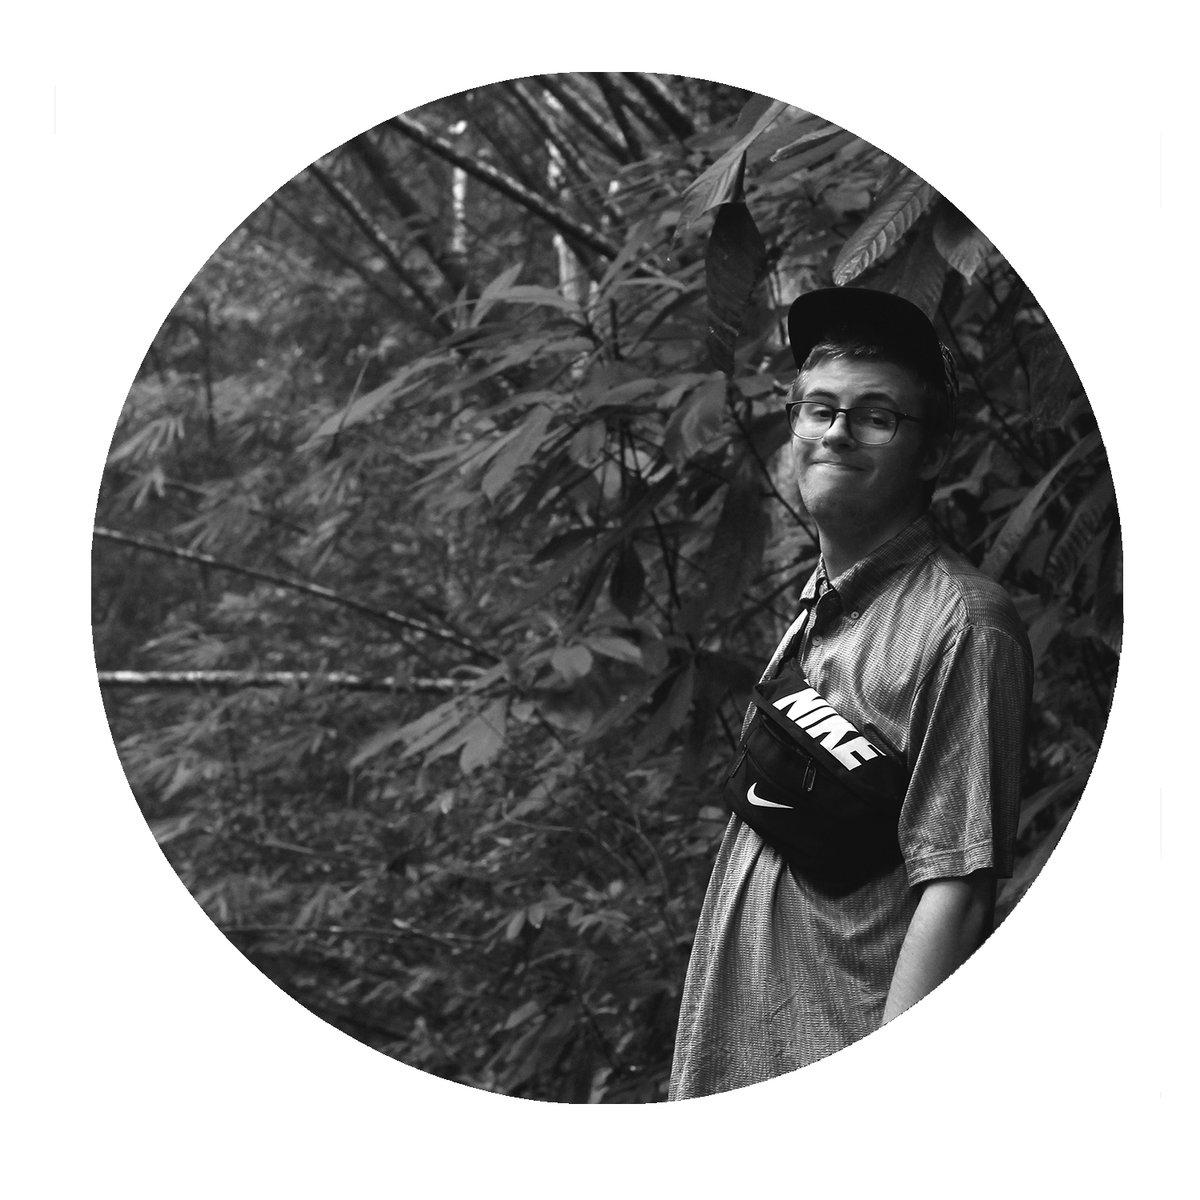 LK aka Lee Konitz
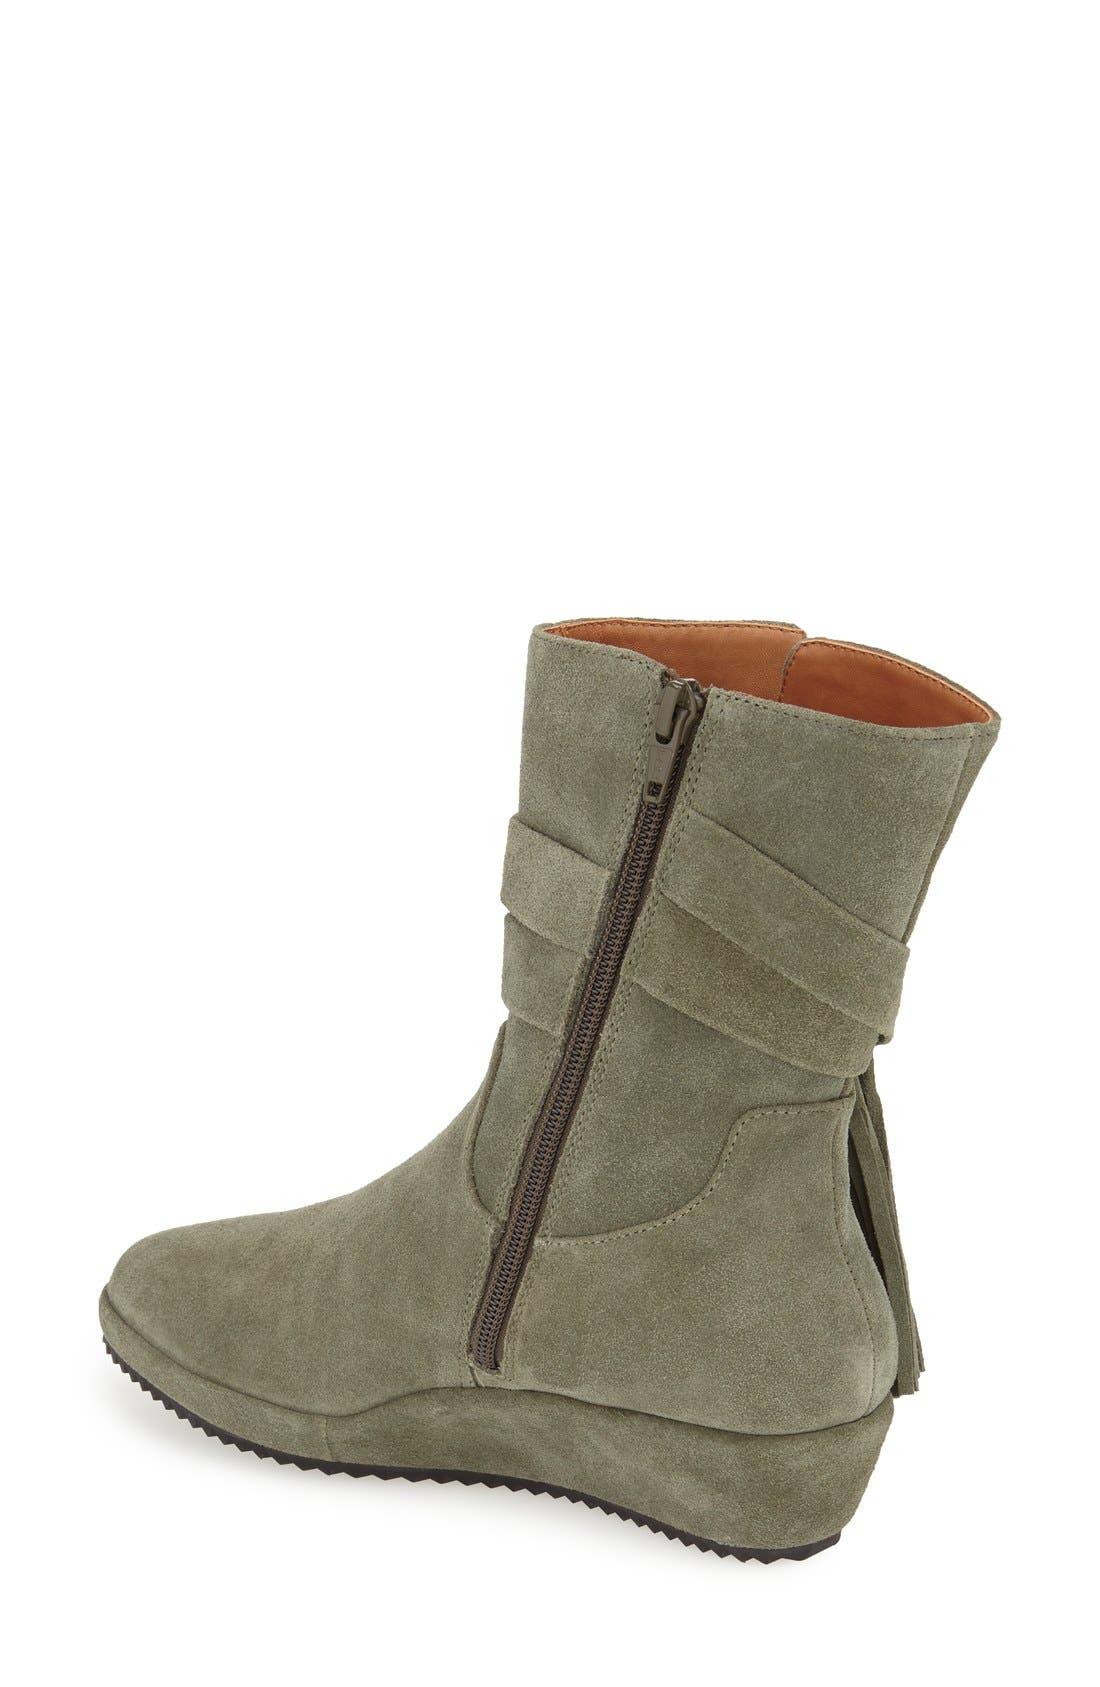 Alternate Image 2  - L'Amour des Pieds 'Bernyce' Boot (Women)
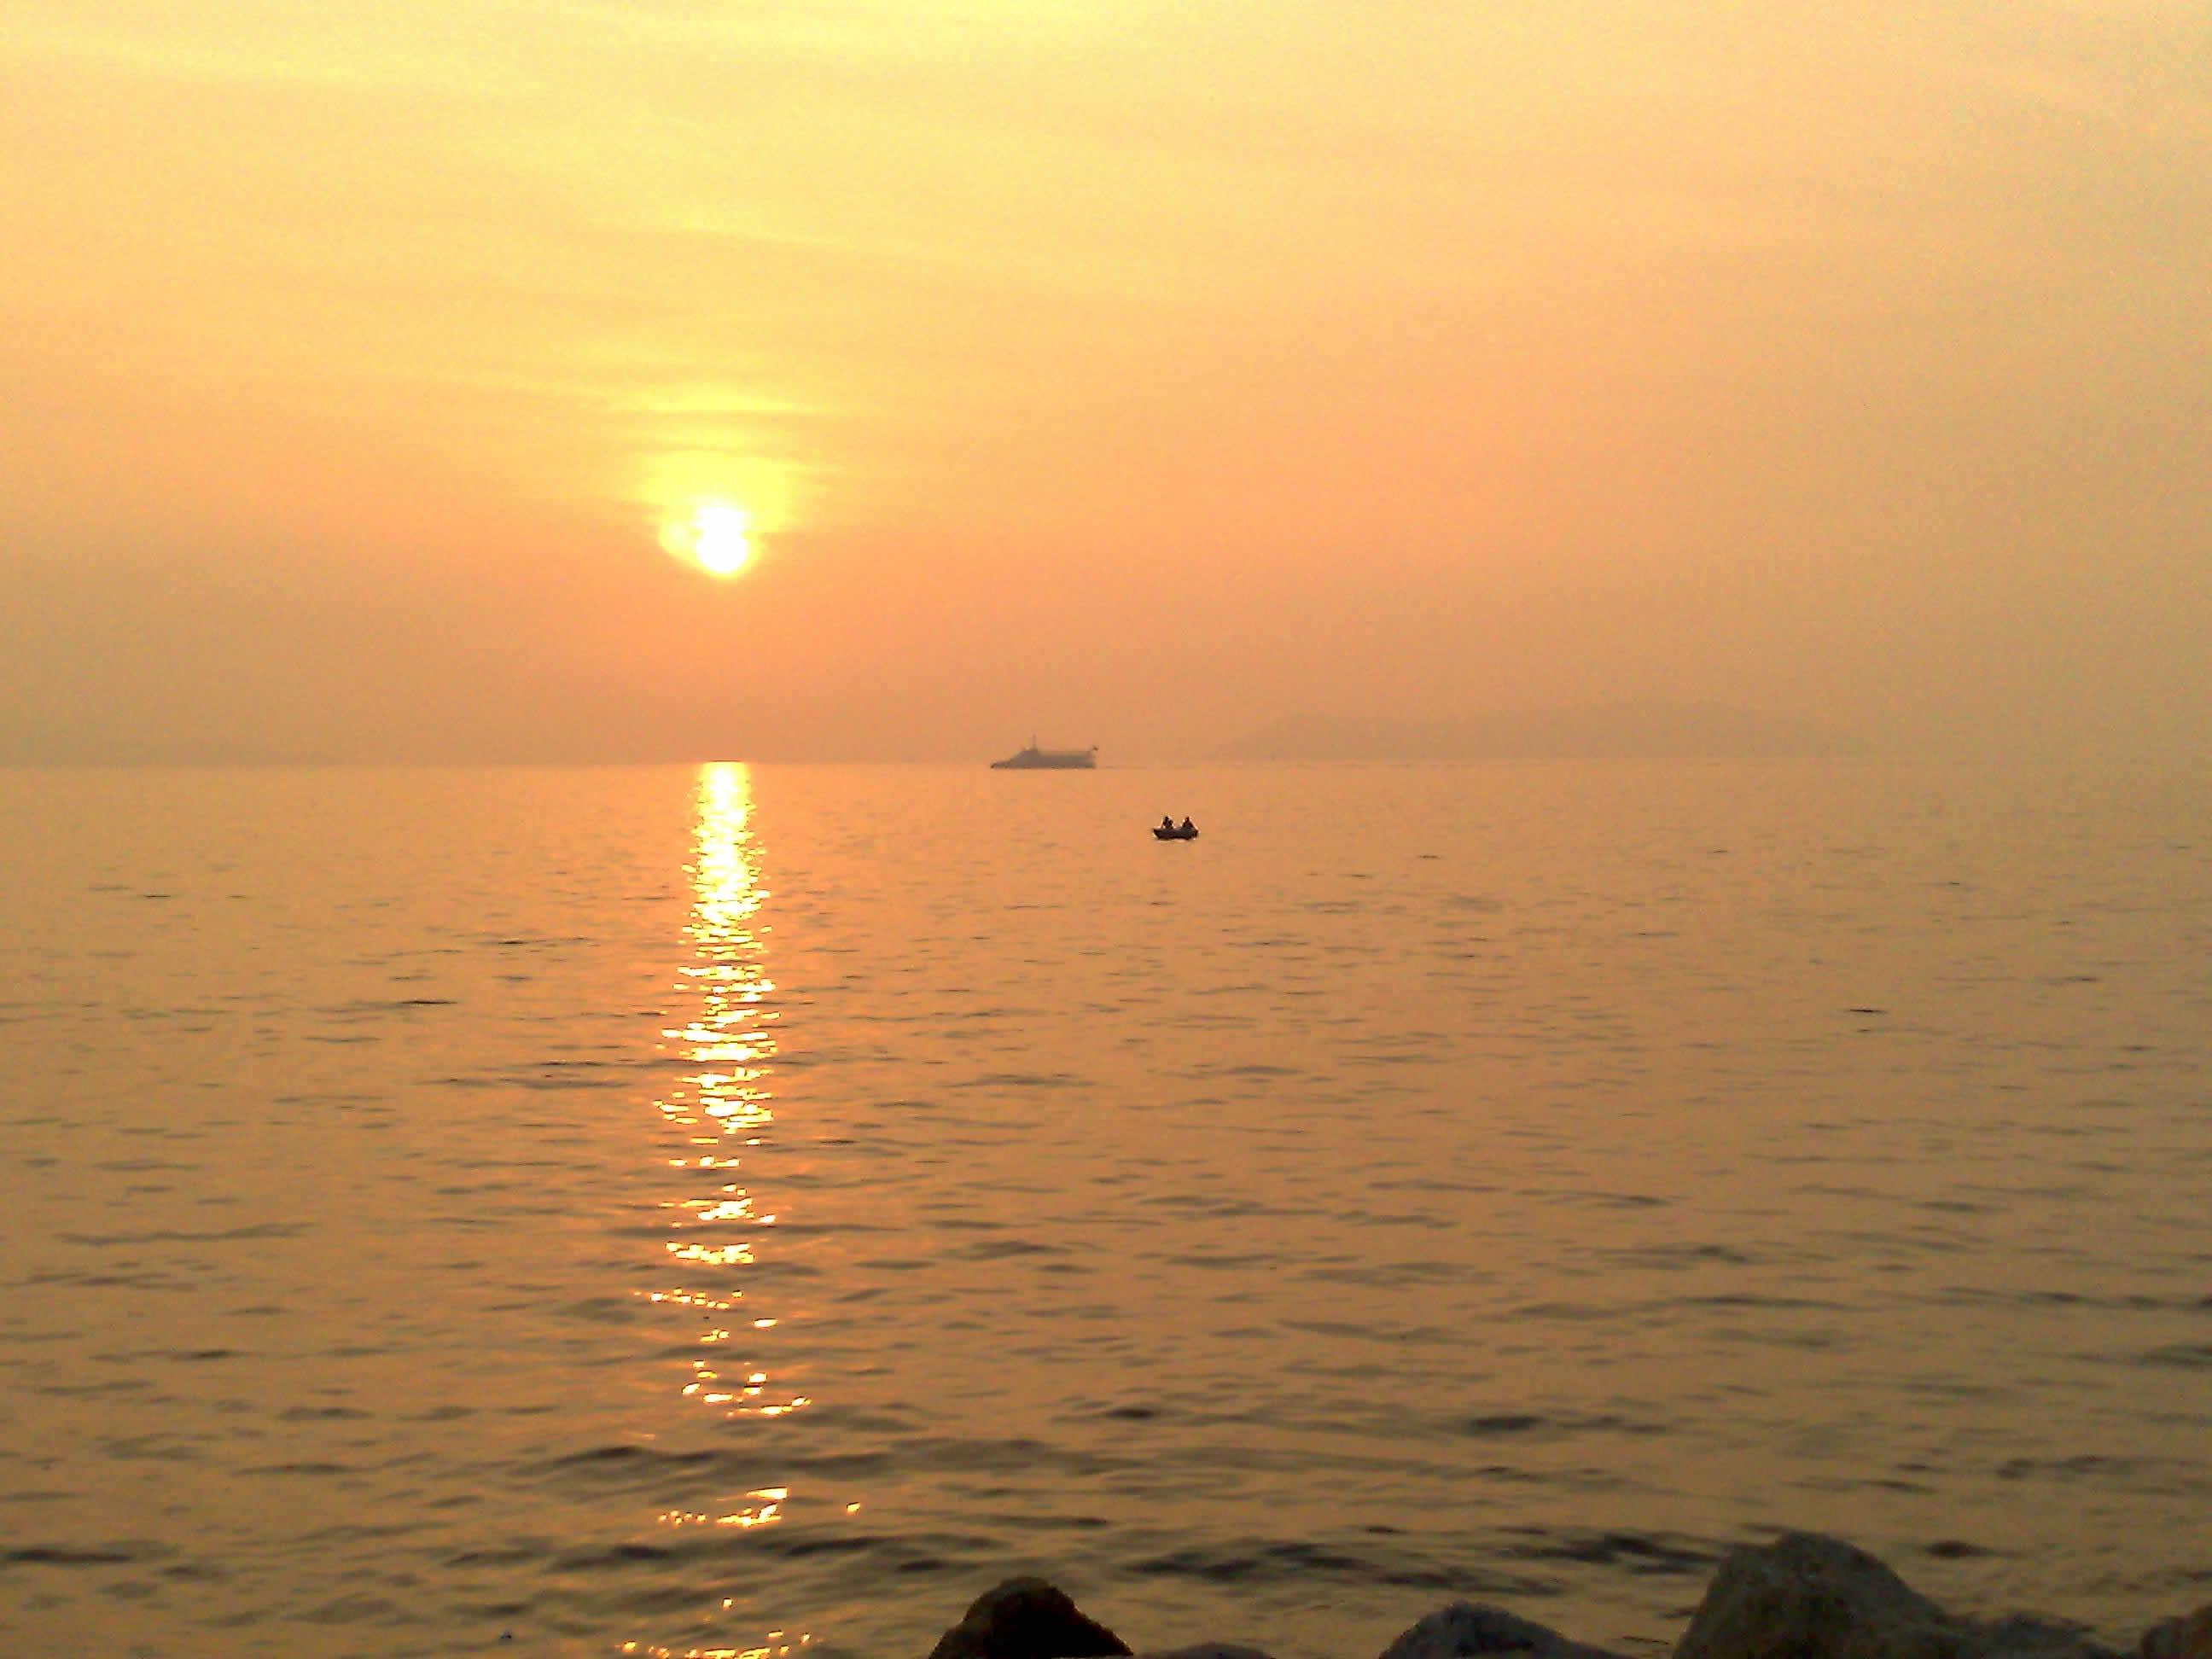 adalarda güneşin batışı
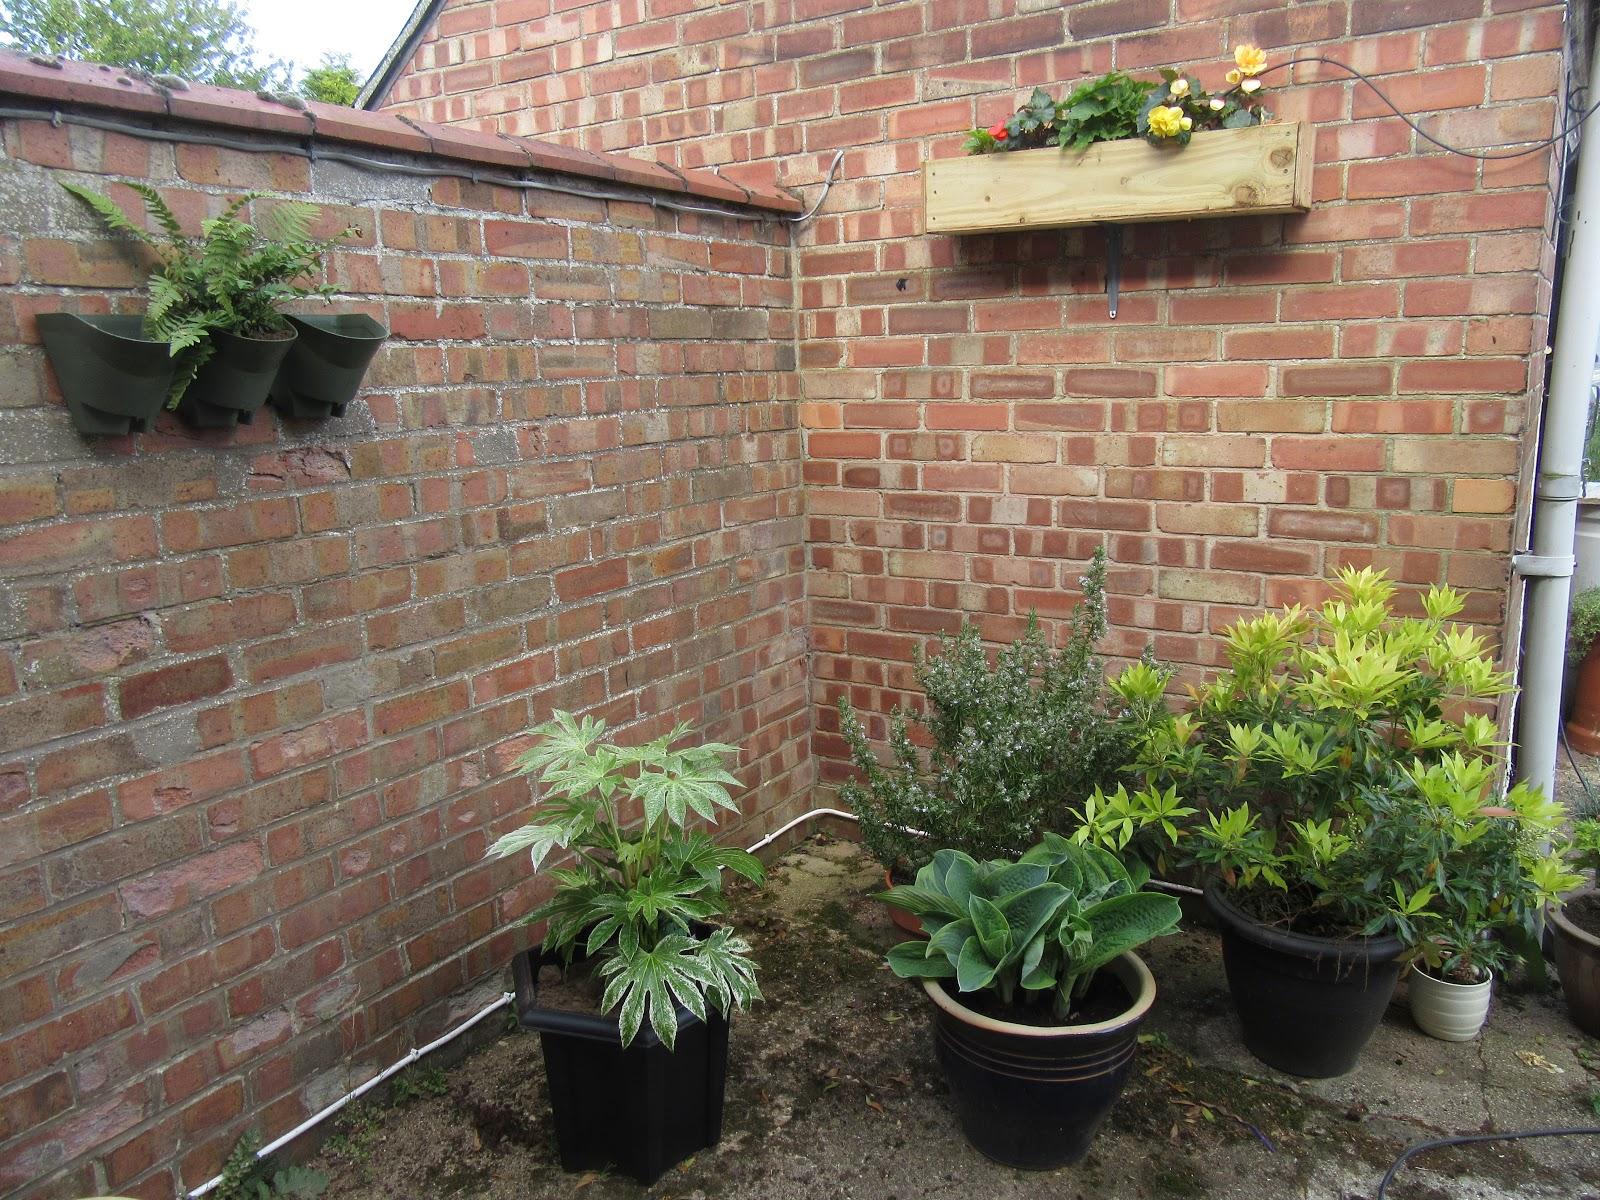 Trish Wish Living Well in Retirement: Courtyard gardening
------
Transcribe each line of the material above verbatim, but do not include the images.

**WRITTEN ANSWER:**
 LK aka Lee Konitz
 Alternate Image 2  - L'Amour des Pieds 'Bernyce' Boot (Women)
 adalarda güneşin batışı
 Trish Wish Living Well in Retirement: Courtyard gardening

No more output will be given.